Settings for your camera will always be based on the intensity of the lights as well as movement. Generally if the lights are moving quick and strong I try to keep my exposures under 10 seconds. If they are very faint on a moonless night I’ll be closer to 30 seconds. I will describe if you a few different scenes and the settings I use

Moonless Night and Lights Are Low

ISO 2000 – ISO 3200
20-30 Seconds

Full Moon
If lights are intense good for landscape

ISO 800
10 Seconds

(If including a separate exposure for foreground)
ISO 1250
30 Seconds

Strong Northern Lights and Moving Fast

ISO 1600- ISO 2500
8-10 Seconds

Processing in Camera Raw/Lightroom and Photoshop

* Shift the color temperature and tint to the cooler temperatures so more blues and green. It reflects the mood and story you are trying to convey with your images.
* Increase the exposure.
* Use the orange HSL slider to reduce light pollution.
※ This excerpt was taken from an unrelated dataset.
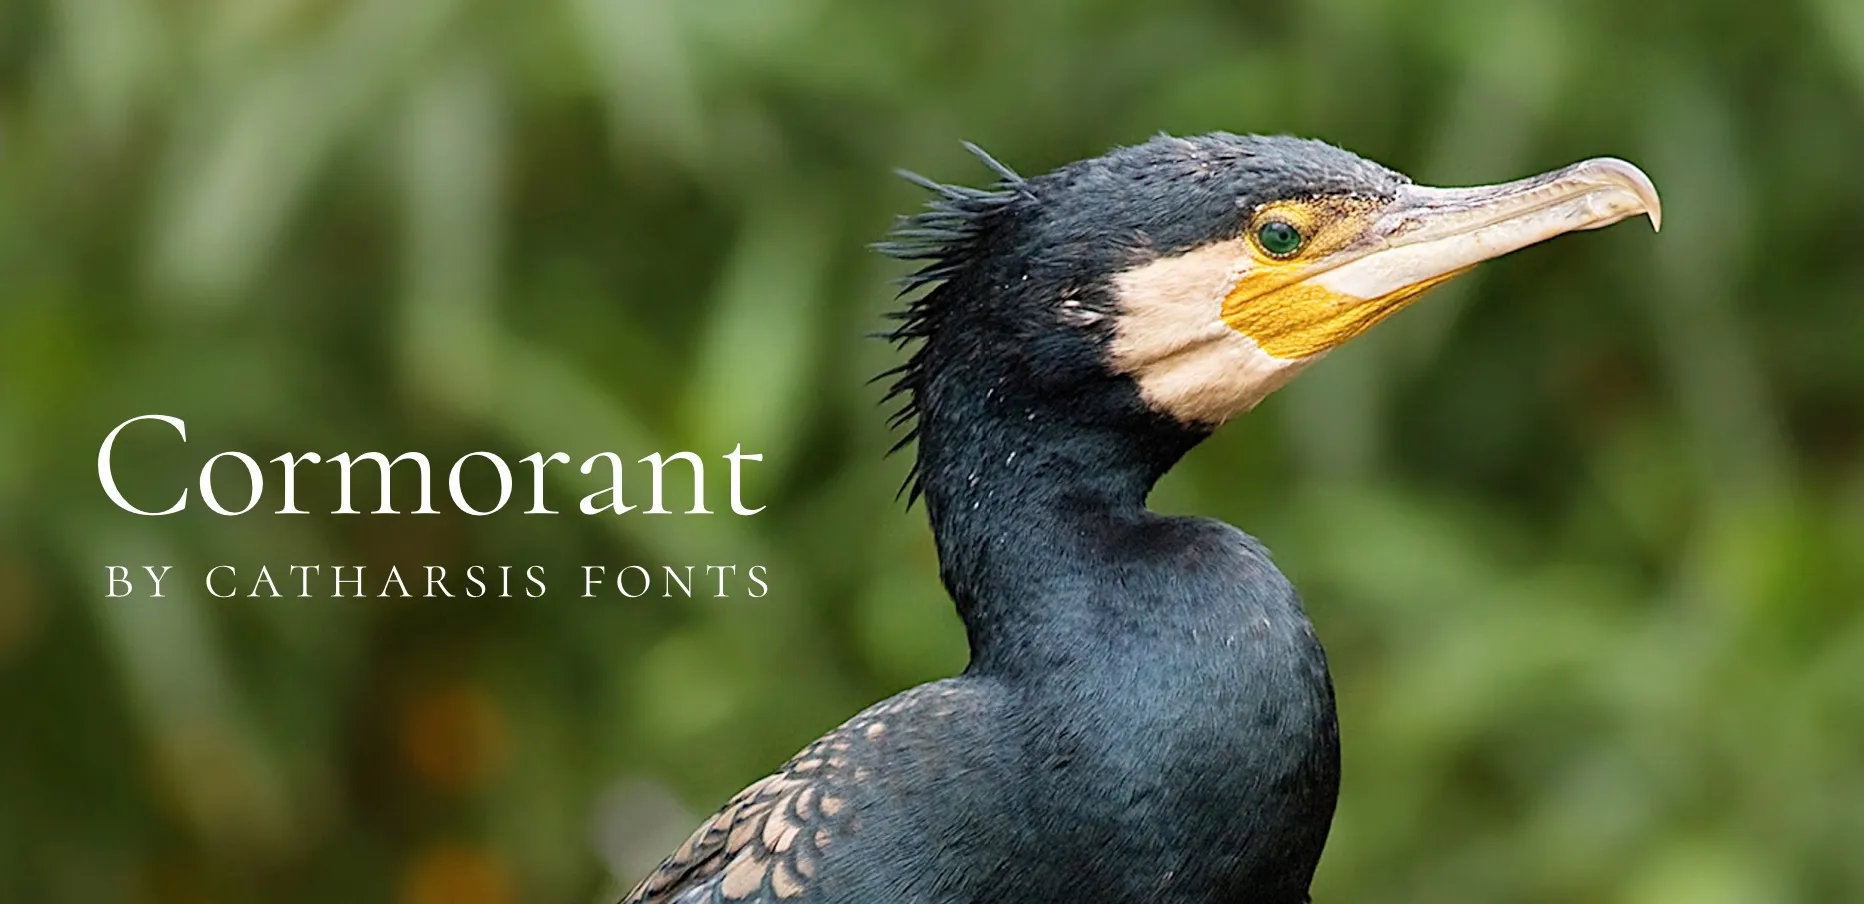 cormorant-font-banner The 33 Best Fonts for PowerPoint Presentations

You only want green blue and white tones.
* Decrease Saturation a tiny bit.
* Add clarity and contrast for sky and lights with a graduated filter in LR/ACR.
* Decrease highlights in areas that might get blown out’
* Hue/Saturation – decrease vibrancy and saturation In snow and trees.
* Color Balance – Shift towards the blues
* Add a curves adjustment to the northern lights to add more clarity and contrast only in the lights with radial filter
* Bring out the highlights using luminosity masks.
* Try applying some Orton glow and te3xture in the foreground by way of a high-pass filter.